Transportation system is always depended on various factors. Most of the common factors of transportation are time, profit, budget, deterioration, carbon emission, purchasing cost, selling price, fixed-charge, etc. Since all the data are collected from real-world application, therefore there exist some complexity, restriction and uncertainty. The aim of the transportation problem is to overcome such complexity under neutrosophic environment and to determine the compromise solution. Here we take all the data as NNs. Carbon emission is included here to save the environment and we see that this improves the profit, as well as reduces the air pollution. Three methods, namely FP, NLP and GCM, have been executed to obtain the compromise solutions by solving the MOTP. Out of which NLP has provided the best solution by maximizing the truth-membership value, the indeterminacy-membership value and minimizing falsity-membership value.
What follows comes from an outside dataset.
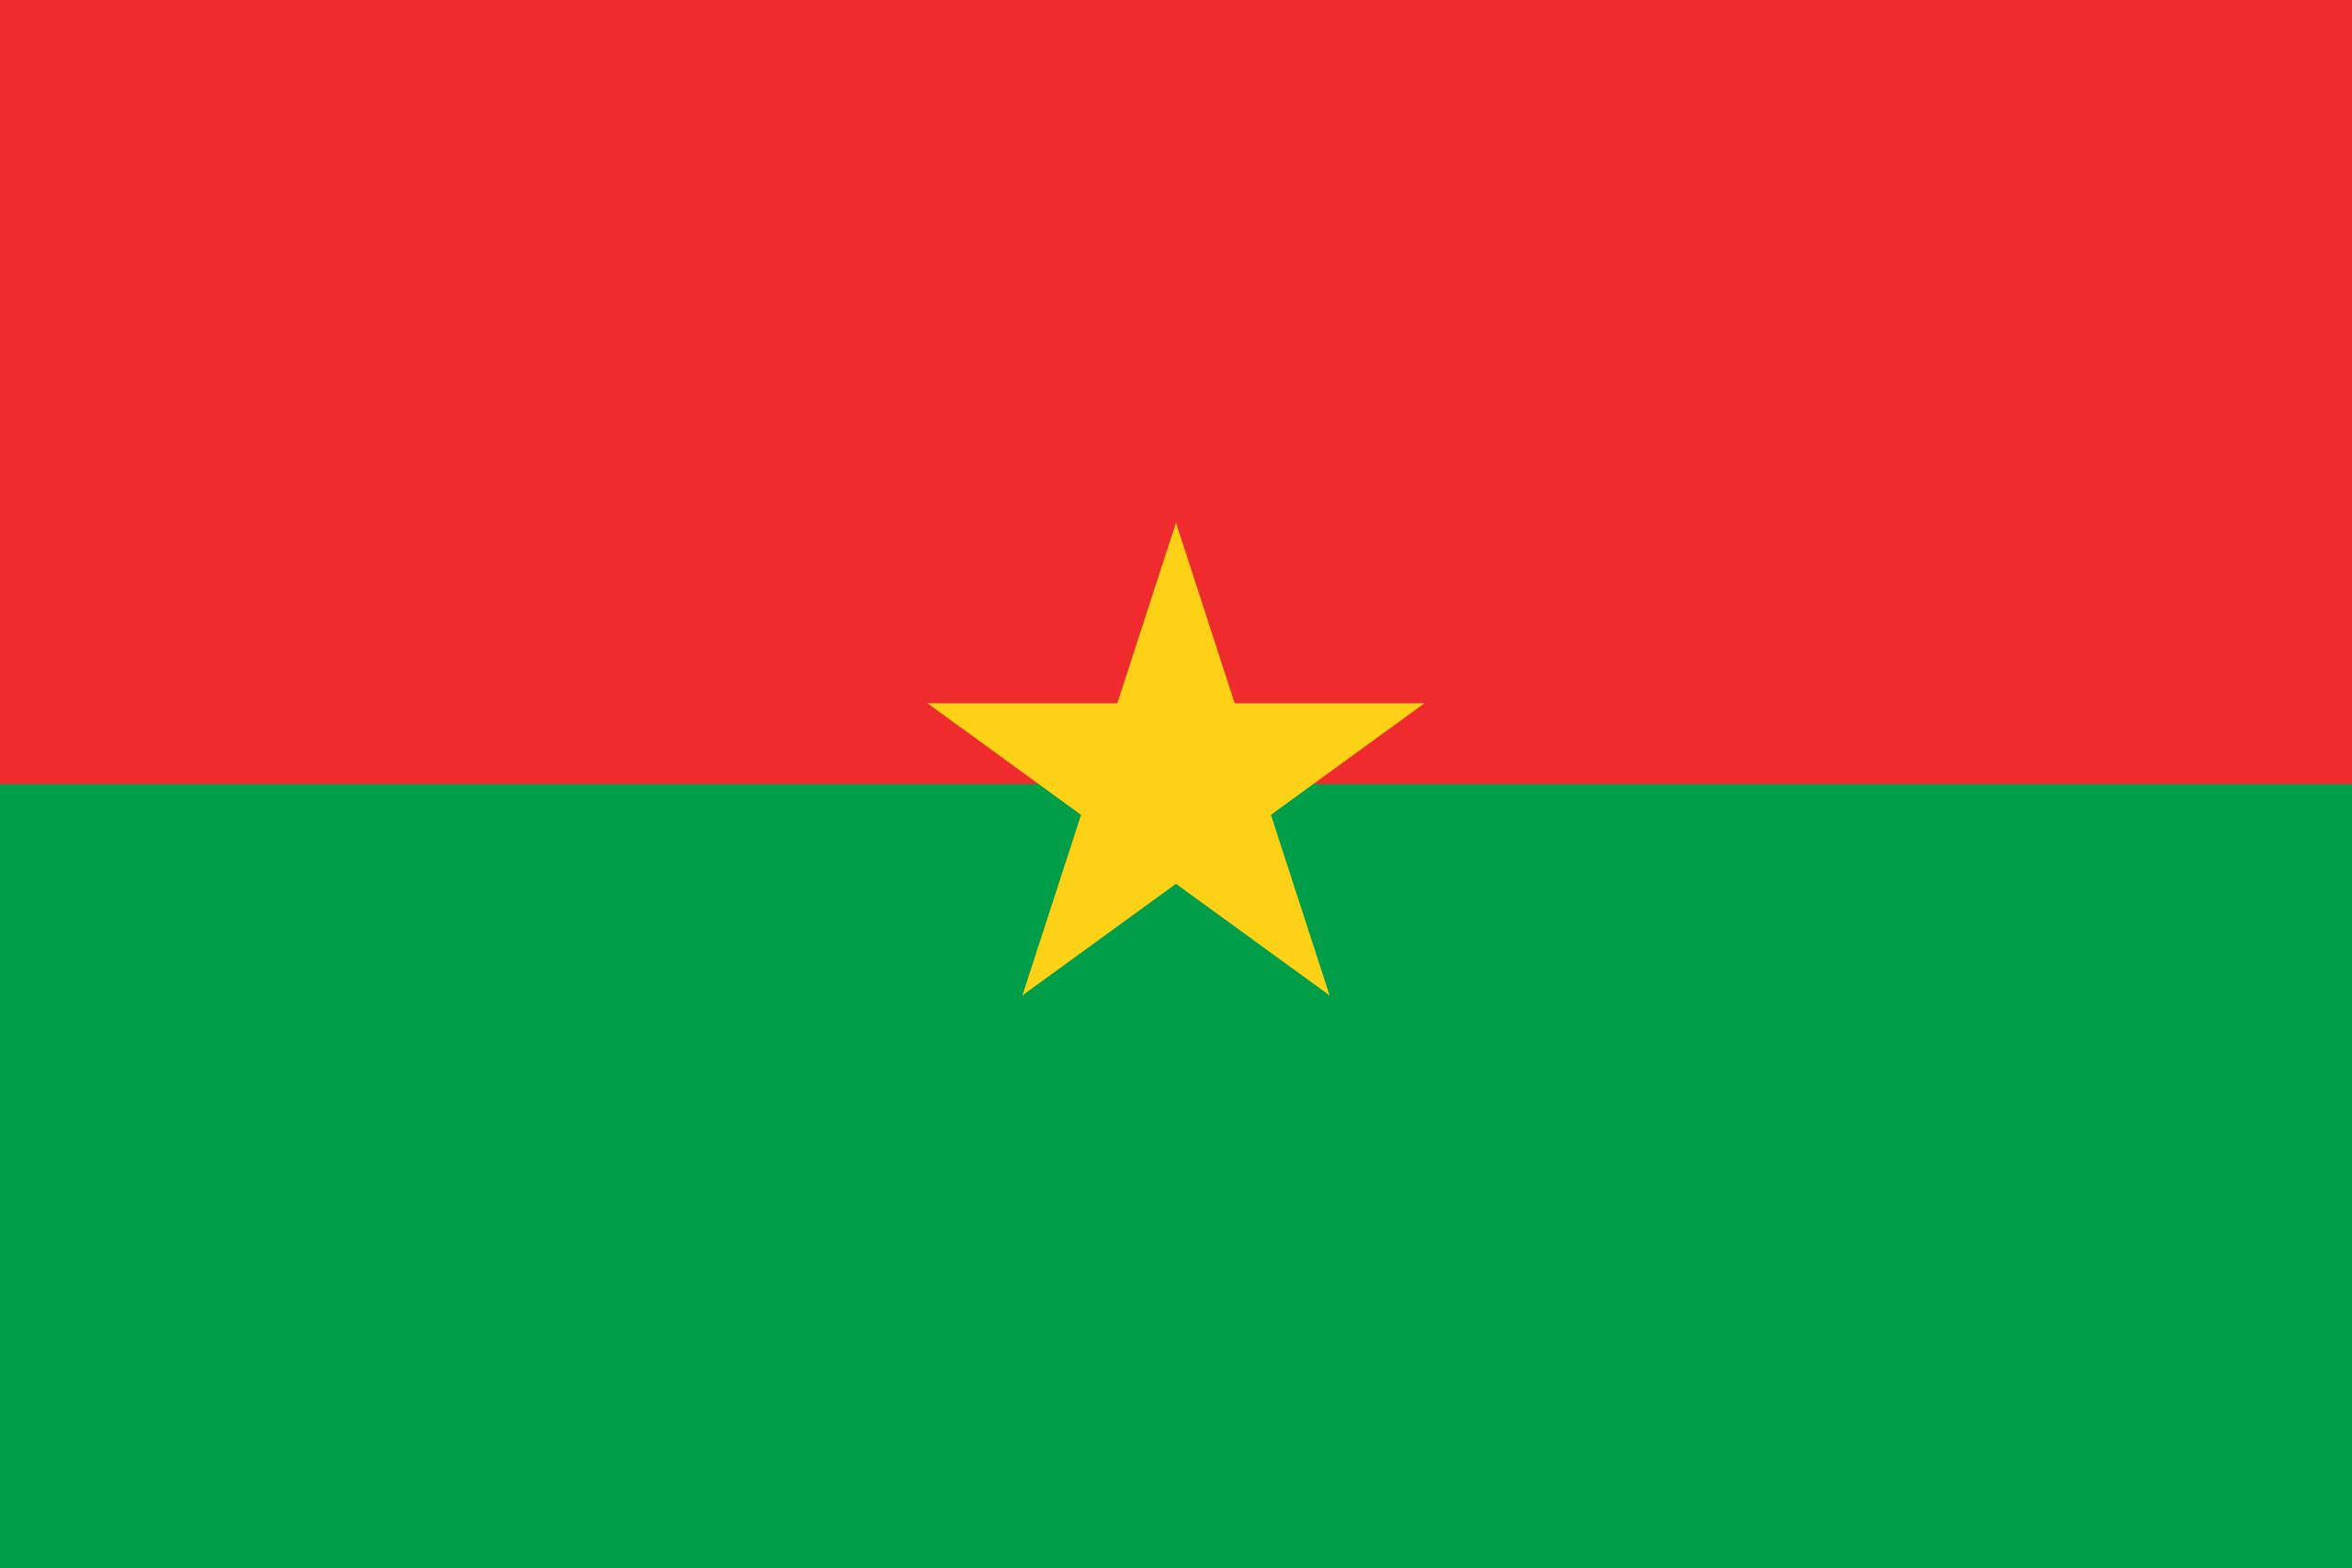 burkina faso, страна, Эмблема, логотип, символ - Обои HD - Профессор falken.com

The method is very simple, suitable and applicable for multi-objective decision making problem. Fuzzy set and IFS only find the uncertainty with membership and non-membership value, but neutrosophic system adds an extra important aspect as indeterminacy membership value which is independent on membership and non-membership values. Therefore neutrosophic system is more reliable than fuzzy system or IFS for clearly defining the incomplete and indeterminate information on real-life problems. The applicability of the proposed approach has been clarified through a real-life example. Moreover, the stable ranges of some parameters have been revealed by the sensitivity analysis. Finally, some decisions regarding the budget and carbon emission during transportation have been discussed which can be very helpful to organizations or companies for resolving the economical and environmental issues.

In future scope of research, neutrosophic system can be extended as bipolar-neutrosophic system and can be applied for linear or nonlinear problem. Also carbon emission system will be taken as cap and trade policy with neutrosophic number. Neutrosophic programming with neutrosophic number can be applied in fractional problem or multi-item transportation. Different uncertainties such as type-2 neutrosophic, type-2 uncertain variable, uncertain-random, type-2 intuitionistic fuzzy, Pythagorean fuzzy or Pythagorean hesitant fuzzy (Ghosh et al. 2022) can be developed in the proposed model. Furthermore, several heuristics, meta-heuristics and hybrid methods can be developed to solve the large instances of our proposed problem.